Глава 2
Разговор на кухне
Они перебрались на кухню. Кухня у Светы была крошечная: два метра на полтора, плита, раковина, холодильник в углу и подоконник вместо стола. Нина Васильевна поставила чайник. Нашла в шкафу две чашки. Обе белые, без рисунка, без трещин. Новые.
Чай заваривался. Света сидела на табуретке, поджав ноги, как делала в детстве.
– Ты приехала меня отговаривать?
– Нет.
– А зачем?
– Ты позвала. Я приехала.
Света посмотрела на мать. Подозрительно, изучающе. Как будто проверяла, нет ли подвоха.
– Ты не будешь говорить, что я разрушаю семью?
– У тебя нет детей, Свет. Семья это ты и он. Если тебе плохо, значит, семье плохо.
– Бабушка бы сказала иначе.
– Бабушки не стало в шестьдесят два, – тихо произнесла Нина Васильевна. – С выражением усталости на лице. Я не хочу, чтобы ты повторила.
Тишина. Чайник щёлкнул, выключился. Пар поднимался к потолку, закручиваясь тонкой спиралью.
– Мам, а ты? Ты жалеешь, что терпела?
Нина Васильевна взяла чайник. Разлила кипяток по чашкам. Заварка. Ложечка сахара. Ещё одна. Всё это медленно, аккуратно, как будто каждое движение помогало ей подбирать слова.
– Я жалею, что не ушла раньше, – сказала она. – Не от отца. От себя. От той себя, которая решила, что терпеть значит любить.
– А это не так?
– Нет, Светка. Любить, это когда тебя видят. Когда ты говоришь «мне больно», а тебе отвечают не «загугли», а «я рядом». Вот и вся наука.
Света опустила глаза. Нитка от подушки давно оборвалась, и теперь она просто сжимала и разжимала кулак.
– Мне страшно, – сказала она. – Одной.
– Знаю. Мне тоже было. Но знаешь, что хуже, чем одной? Вдвоём, но всё равно одной.
Фотография
Вечером, пока Света спала на диване, свернувшись калачиком, как в детстве, Нина Васильевна бродила по квартире. Не из любопытства. Из беспокойства. Когда не можешь заснуть, ноги сами несут куда-то.
На книжной полке, между справочником по программированию и старым атласом мира, стояла фотография в рамке. Нина Васильевна взяла её. Поднесла к свету ночника.
На фотографии были они с Костей. Молодые. Двадцать шесть лет. Курский вокзал на заднем плане, размытый, шумный.
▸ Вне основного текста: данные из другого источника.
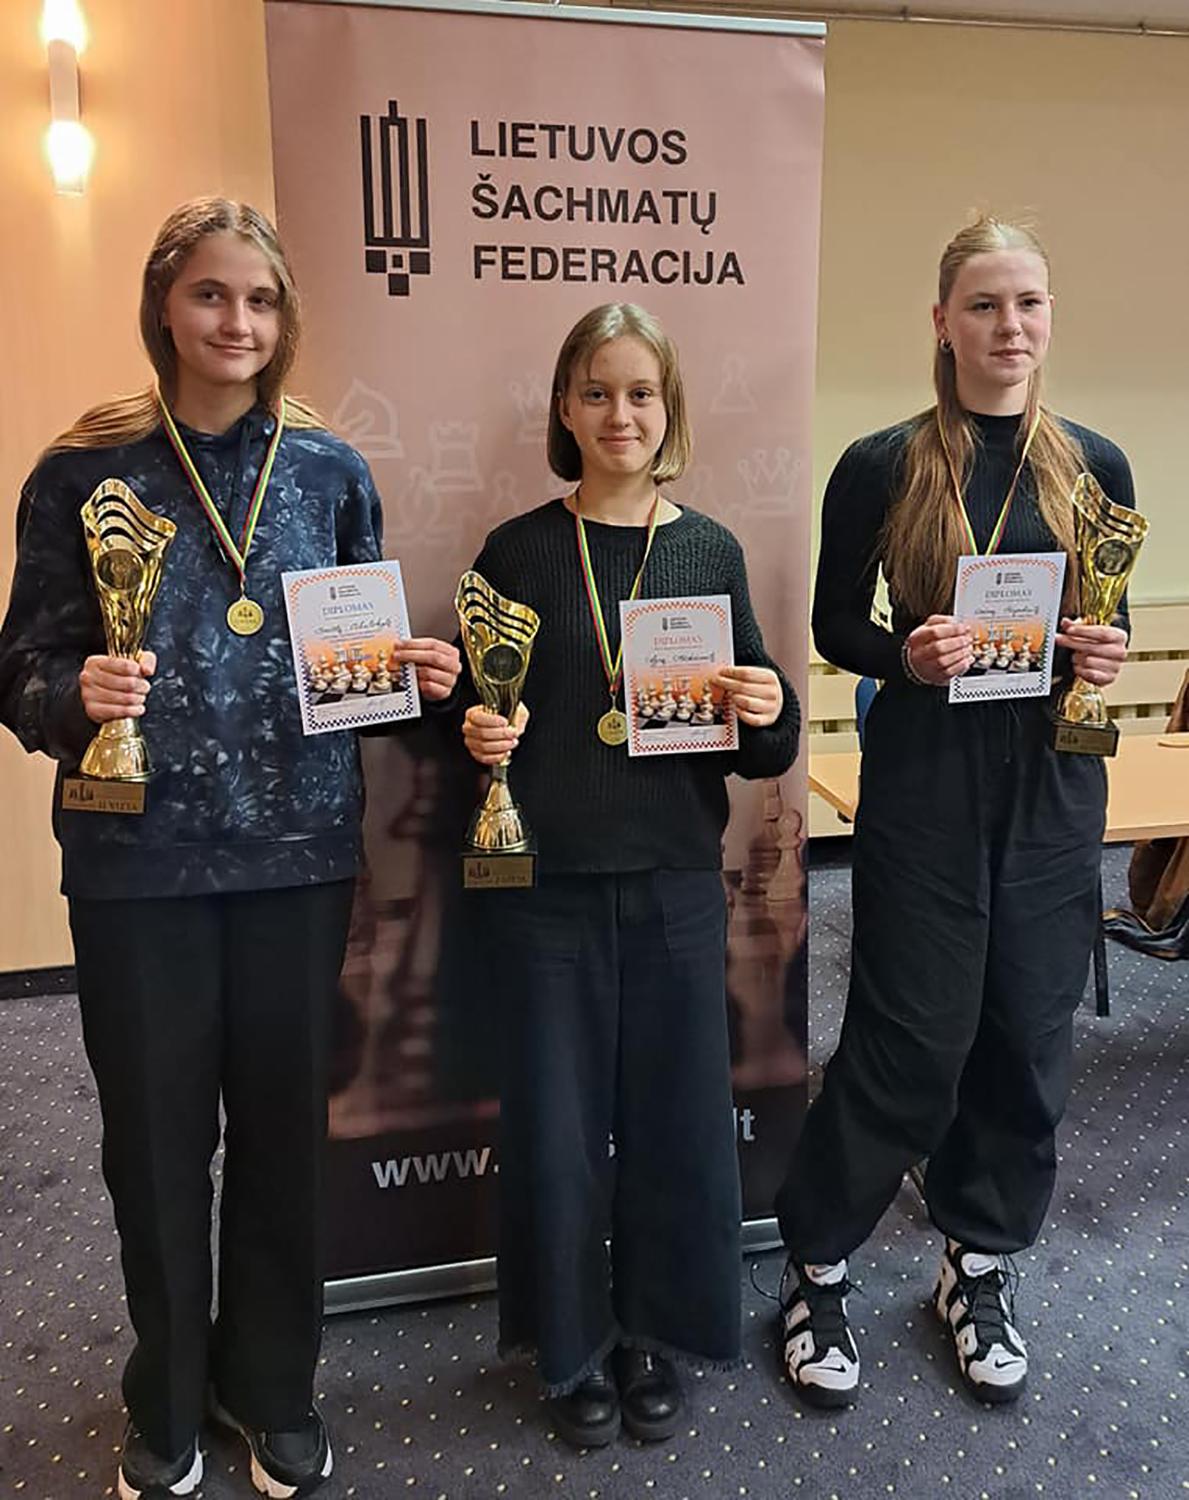 Atstovaus Lietuvai Pasaulio čempionate / Agnė Mickūnaitė (viduryje) atstovaus Lietuvai Pasaulio čempionate.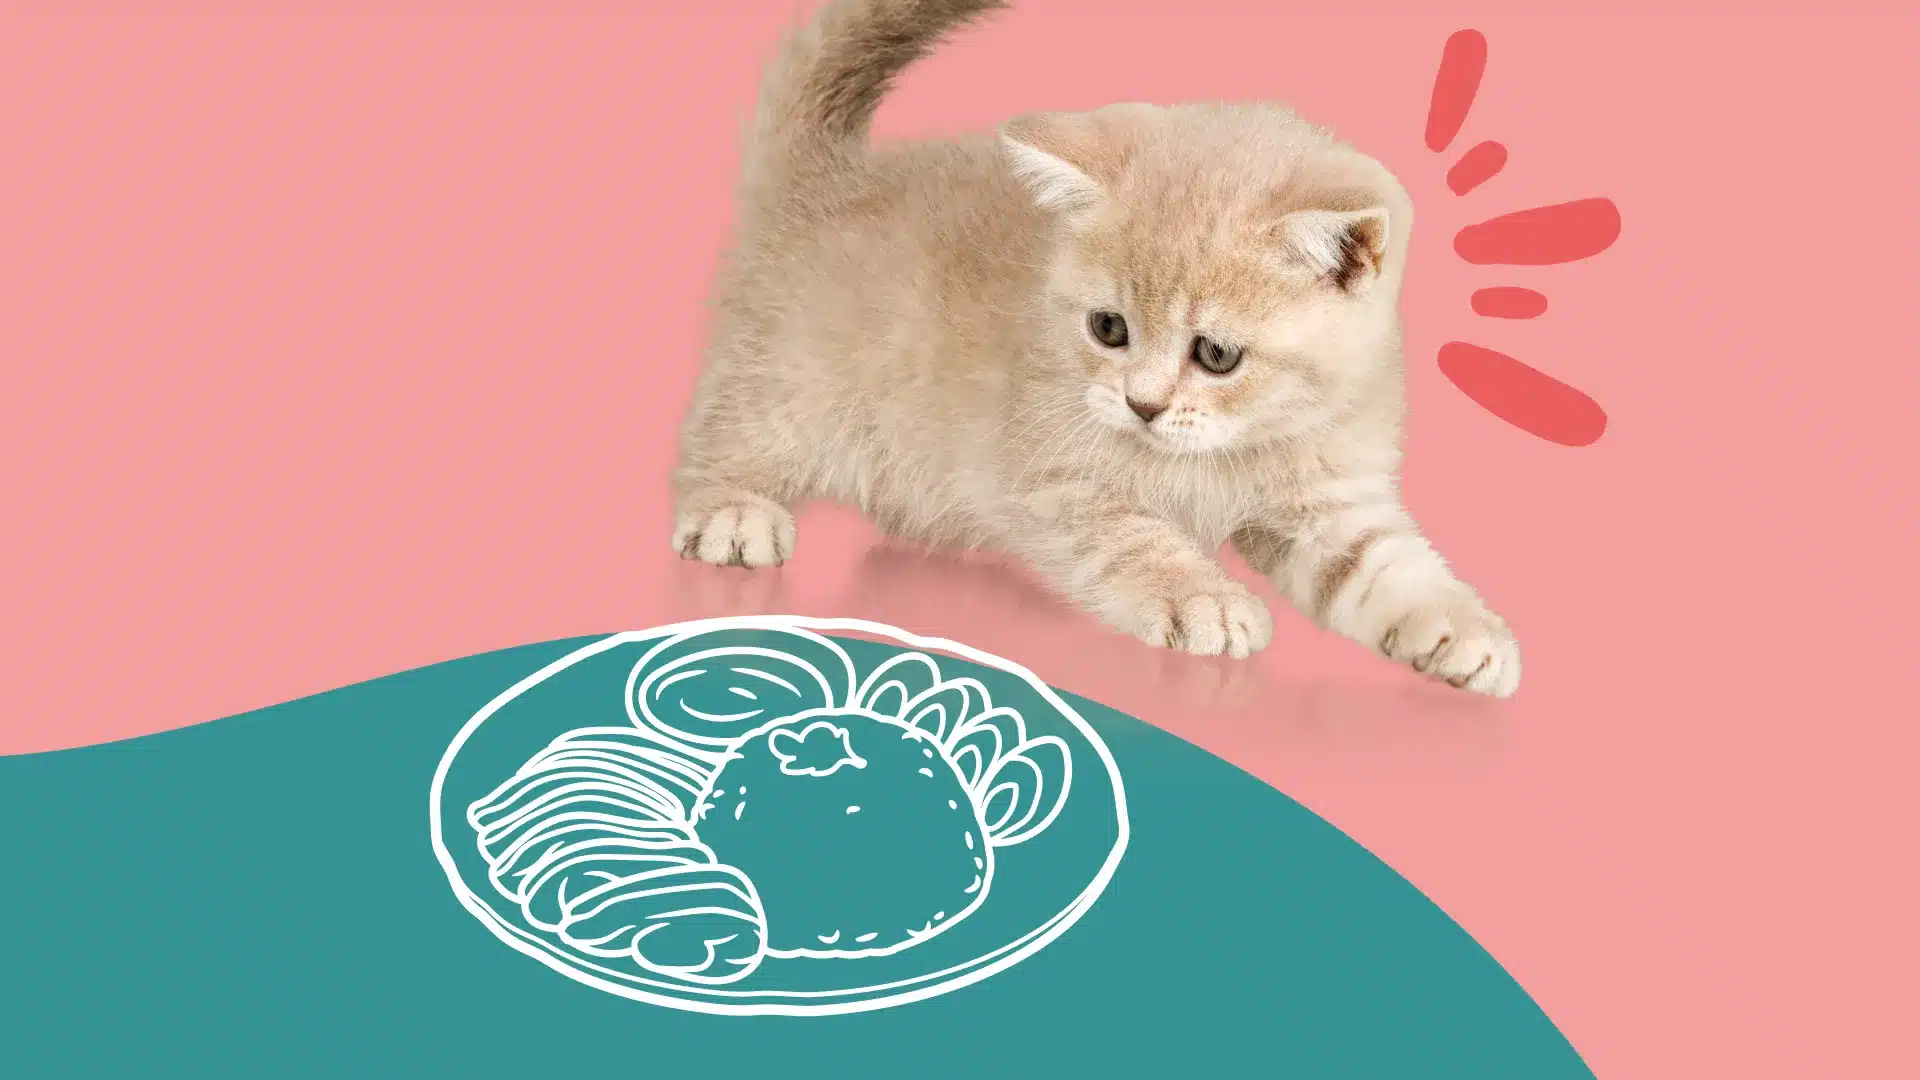 Quantité nourriture chaton - Nos conseils

Костя улыбается в камеру, одной рукой держит чемодан, другой обнимает Нину за плечи. А Нина смотрит не в камеру, а куда-то в сторону. Глаза чуть прищурены, губы приоткрыты, как будто она хочет что-то сказать, но не решается.
Эту фотографию снял случайный прохожий. За минуту до того, как появилась цыганка.
Нина Васильевна перевернула рамку. На обороте, карандашом, её собственным почерком, мелким, бухгалтерским: «Москва, 1993. Начало».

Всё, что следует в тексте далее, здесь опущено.